Affiliated Business Disclosures
Another area of review by the CFPB is disclosures between entities that are conducting business together pursuant to agreements. Such disclosures are called the Affiliated Business Arrangement Disclosures and provide a statutory safe harbor to companies to avoid Section 8 violations, if properly made. An AfBA disclosure must include the following:
A statement of the existence of the affiliated business relationship.
An explanation of the nature of the relationship among the parties, including an explanation of the referring party’s ownership and financial interests in the referred affiliated business entity.
An estimate of the charge or range of charges generally imposed by the referred affiliated business entity.
A statement that the consumer is not required to use the referred affiliated business entity and may elect to use any entity providing the requisite settlement services of his or her choice.
An acknowledgement line where the consumer must sign and date the disclosure as evidence of his or her receipt.
In May 2014, the CFPB filed a consent order with RealtySouth, the largest real estate firm in Alabama. The CFPB found that RealtySouth providedinadequate disclosures that could leave consumers unaware of their rights to choose service providers during the home buying process.
The penalties imposed on RealtySouth were as follows:
$500,000 civil penalty
Must ensure its disclosures comply with RESPA
Ensure that its employee training materials emphasize its agents cannot require the use of affiliates.
Recommendation of Risk Management Program
With the increase on enforcement by the CFPB and the increased scrutiny on social media, financial institutions need to consider the implementation of a risk management program to identify, monitor and control risks related to RESPA Section 8, the social media guidelines and the use of social media sites. The size of this risk management program should correlate with the amount of involvement and investment in social media by the company or individual. The guidance states that the program should be developed in collaboration with specialists in compliance, legal, technology, information security, human resources and marketing. It also stated components of a risk management program to include the following:
A governance structure with clear roles in which the board of directors or senior management directs how using social media contributes to goals of the company.
Policies and procedures regarding use and monitoring of social media and compliance with all applicable consumer protection laws and regulations.
A risk management process for selecting and managing third-party relationships in connection with social media.

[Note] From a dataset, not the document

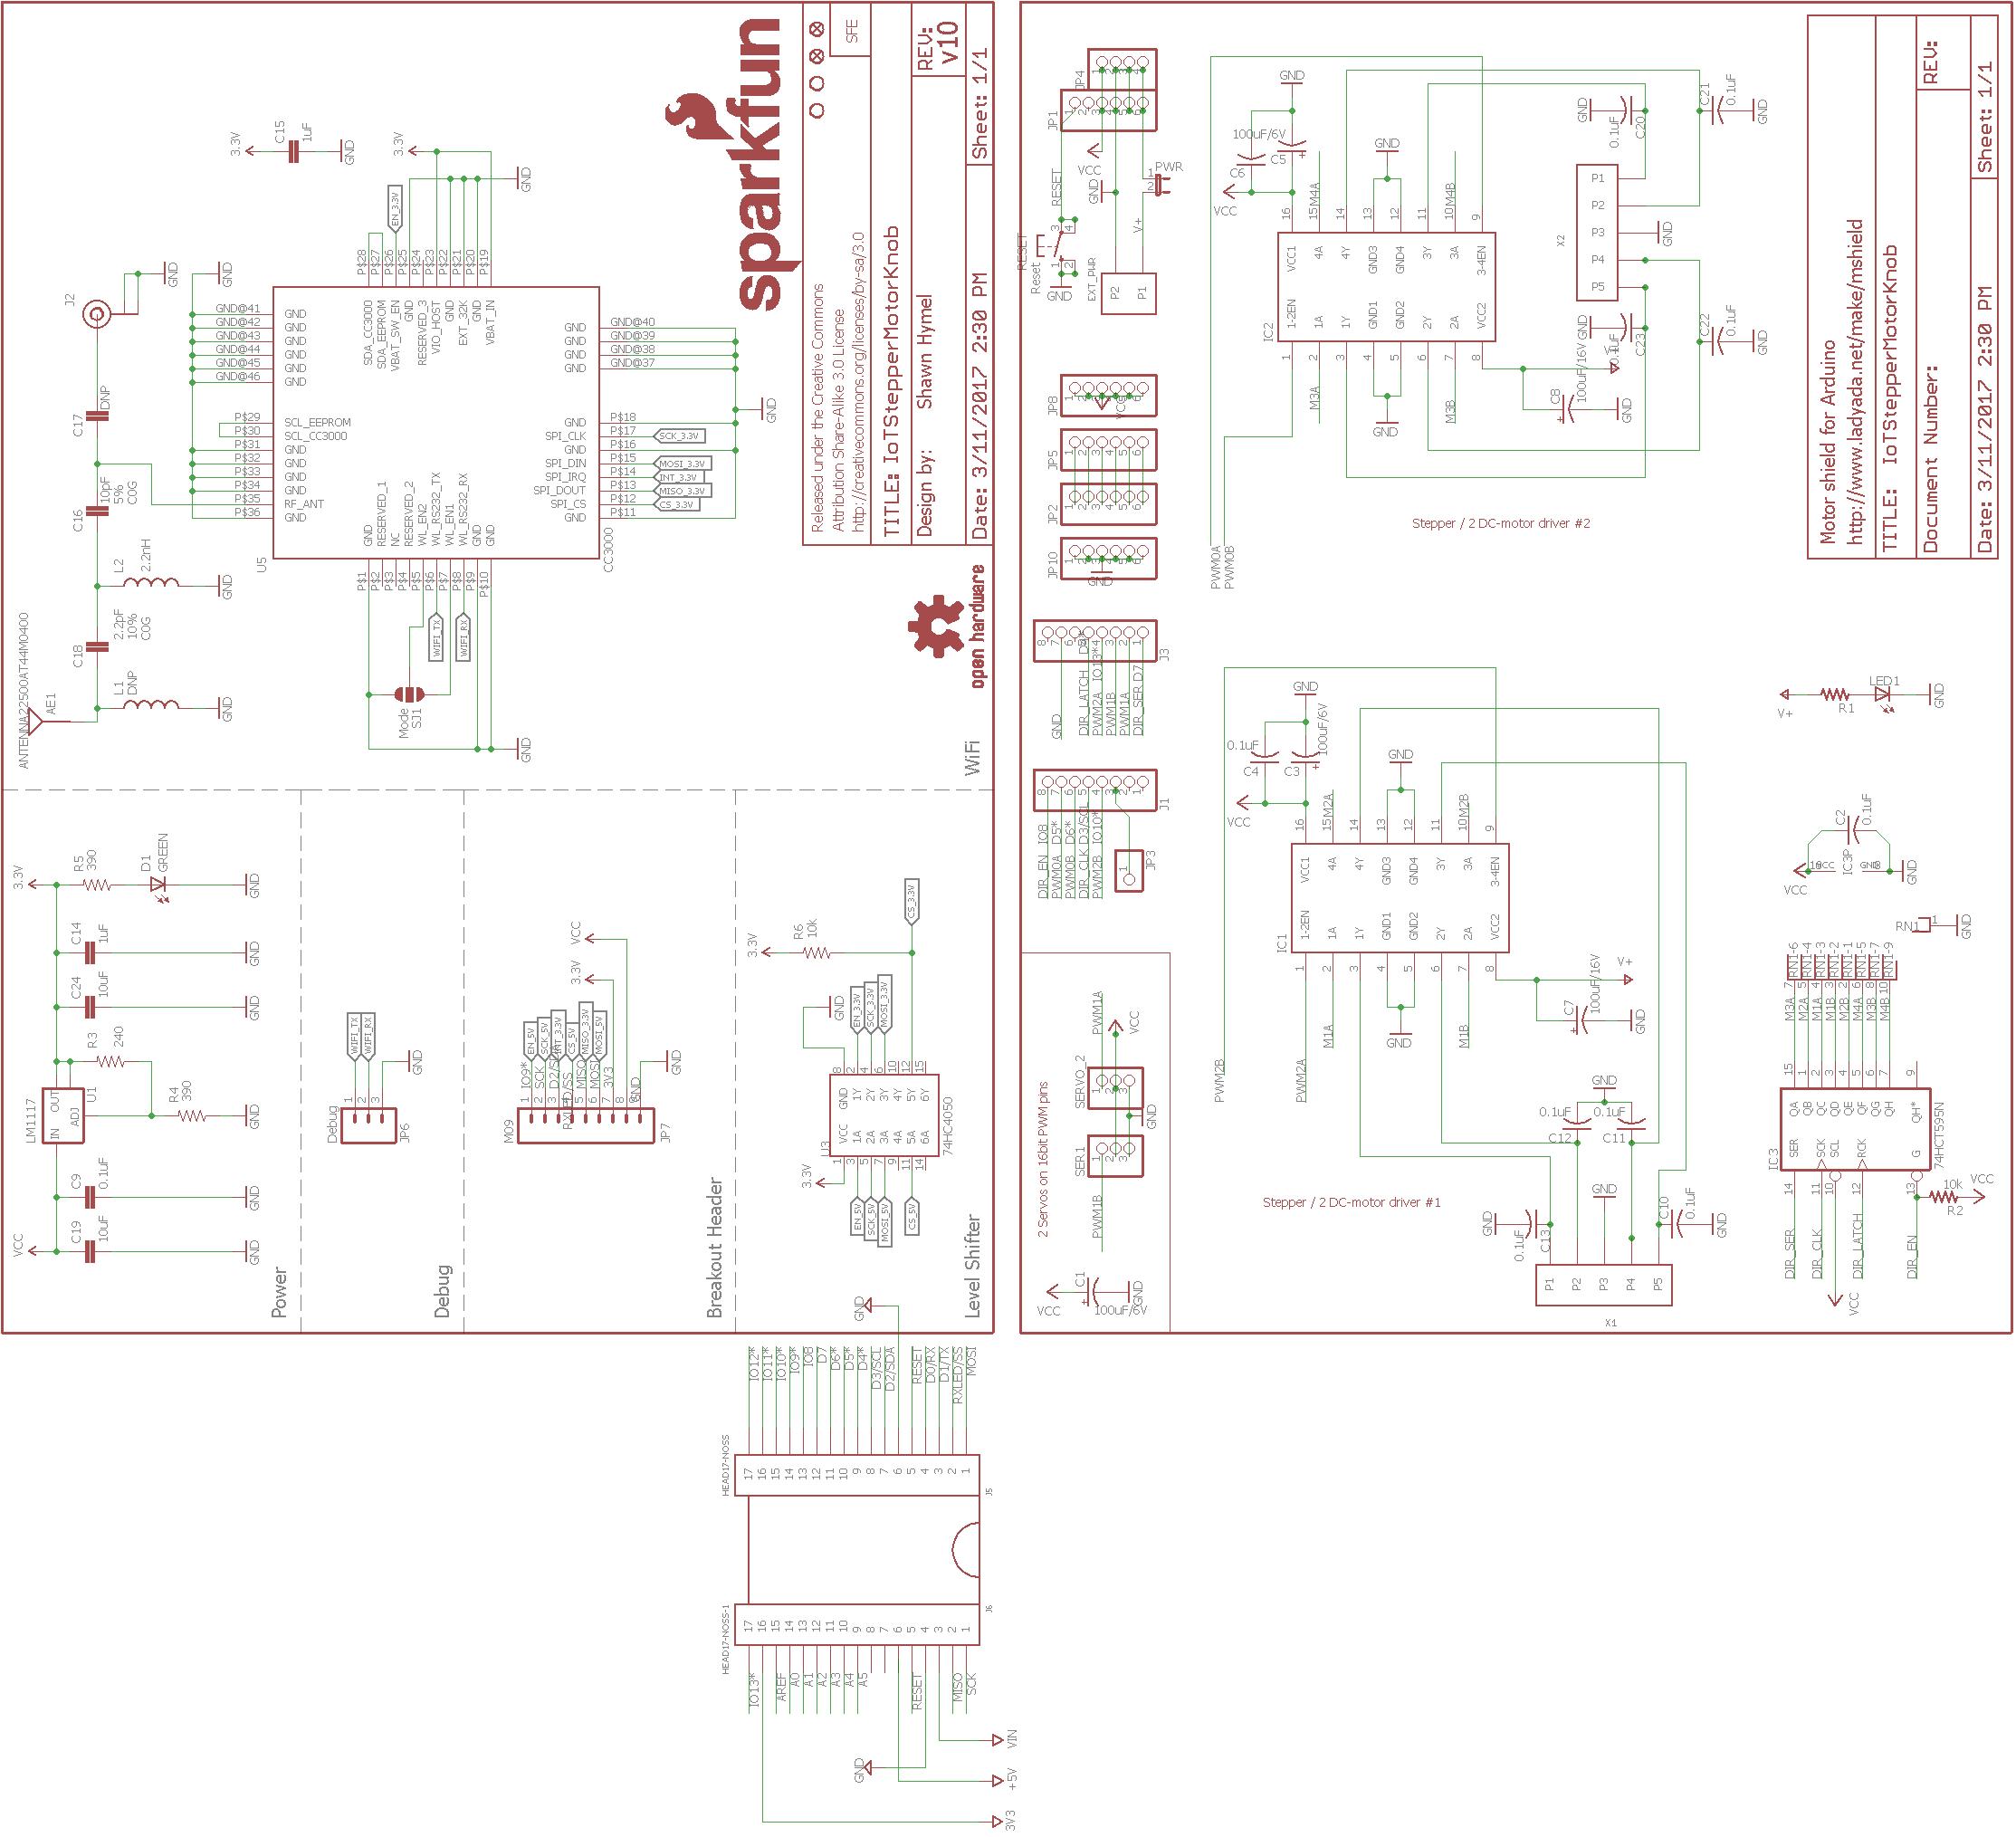 Iot Stepper Motor Controller Circuit Diagram On Step Wiring Iotsteppermschm Krqk28bjef

An employee training program which incorporates policies and procedures for official use of social media.
An oversight process for monitoring information posted to social media sites administered by the institution or a contracted third party.

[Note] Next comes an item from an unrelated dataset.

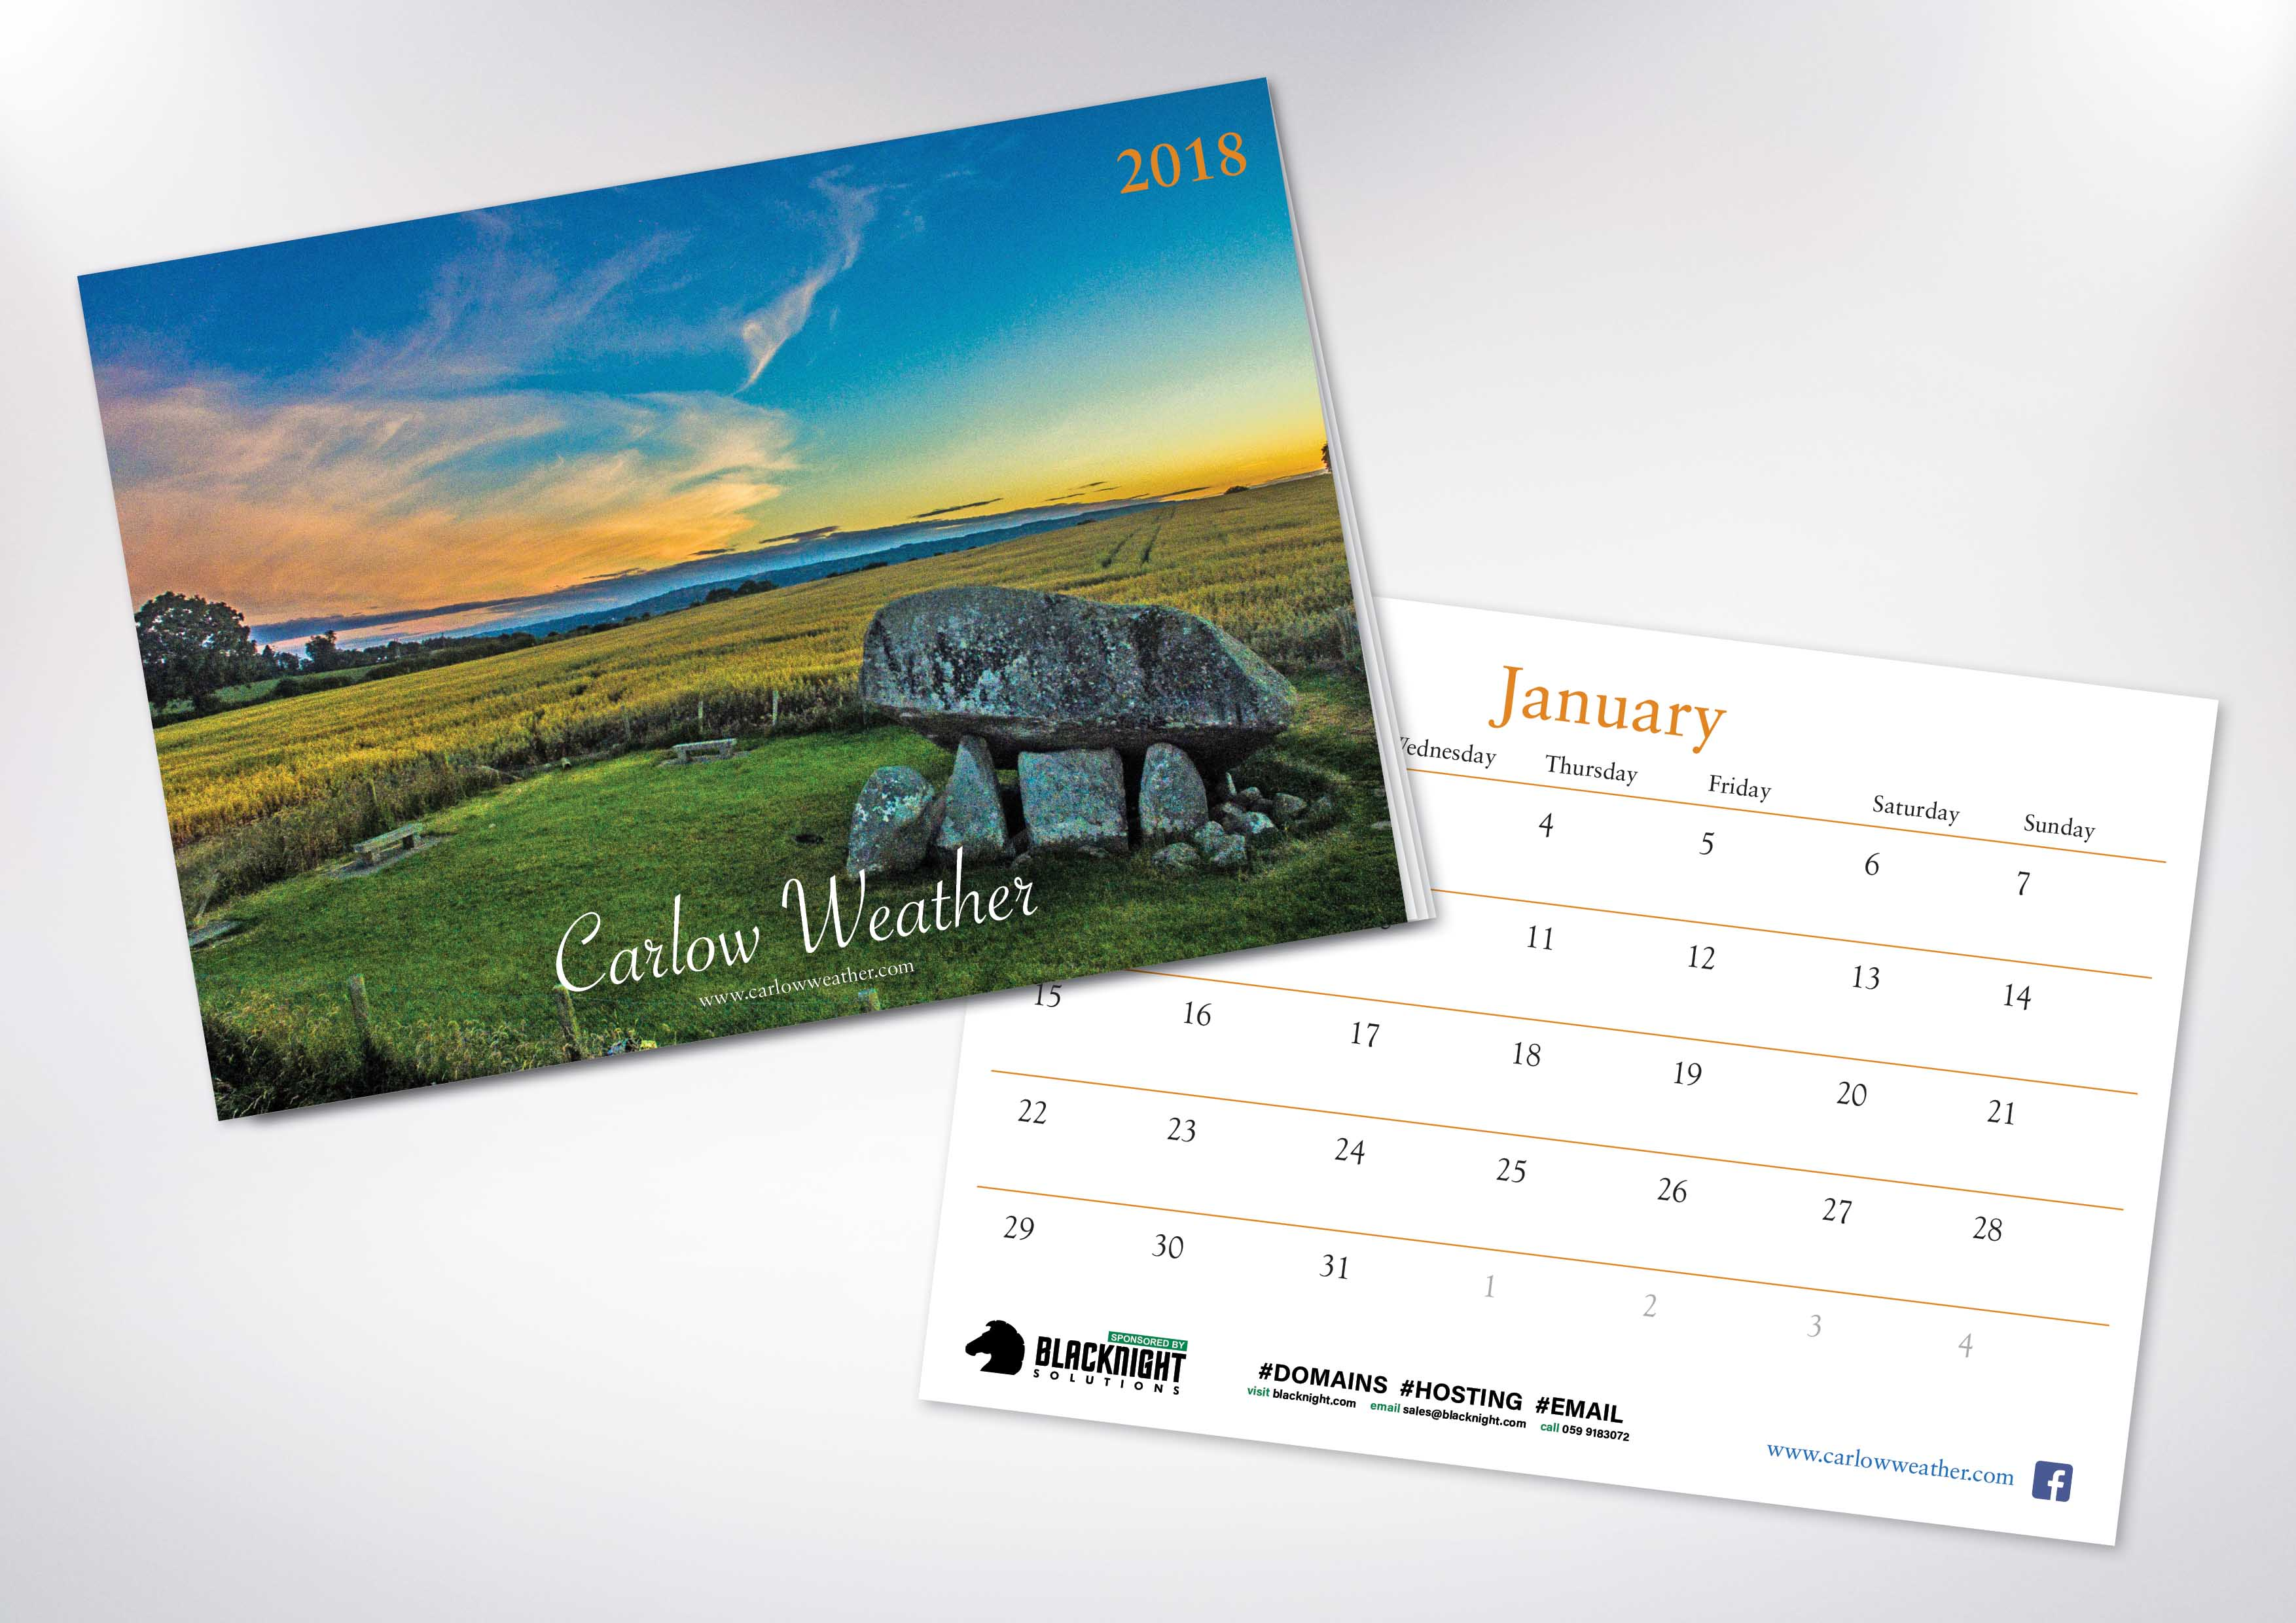 13. Carlow Weather Calendar

Audit and compliance functions to ensure ongoing compliance with the institution’s social media policies and procedures.
Parameters for providing appropriate reporting to financial institutions’ board of directors or senior management of the effectiveness of the social media program and if the stated objectives are being achieved.
When HUD passed on supervisory powers to the CFPB, there were modifications to RESPA, specifically including guidance regarding social media. However, the biggest change that arose was in the field of enforcement.
The CFPB has sent a message to the mortgage industry through the use of hungry investigators. It is also following the trend of bringing down the hammer on those companies in the industry that fail at full compliance with RESPA, resulting in unsavory business practices — contrary to the primary goal of Section 8, which is and will continue to be aimed at the protection of the consumer.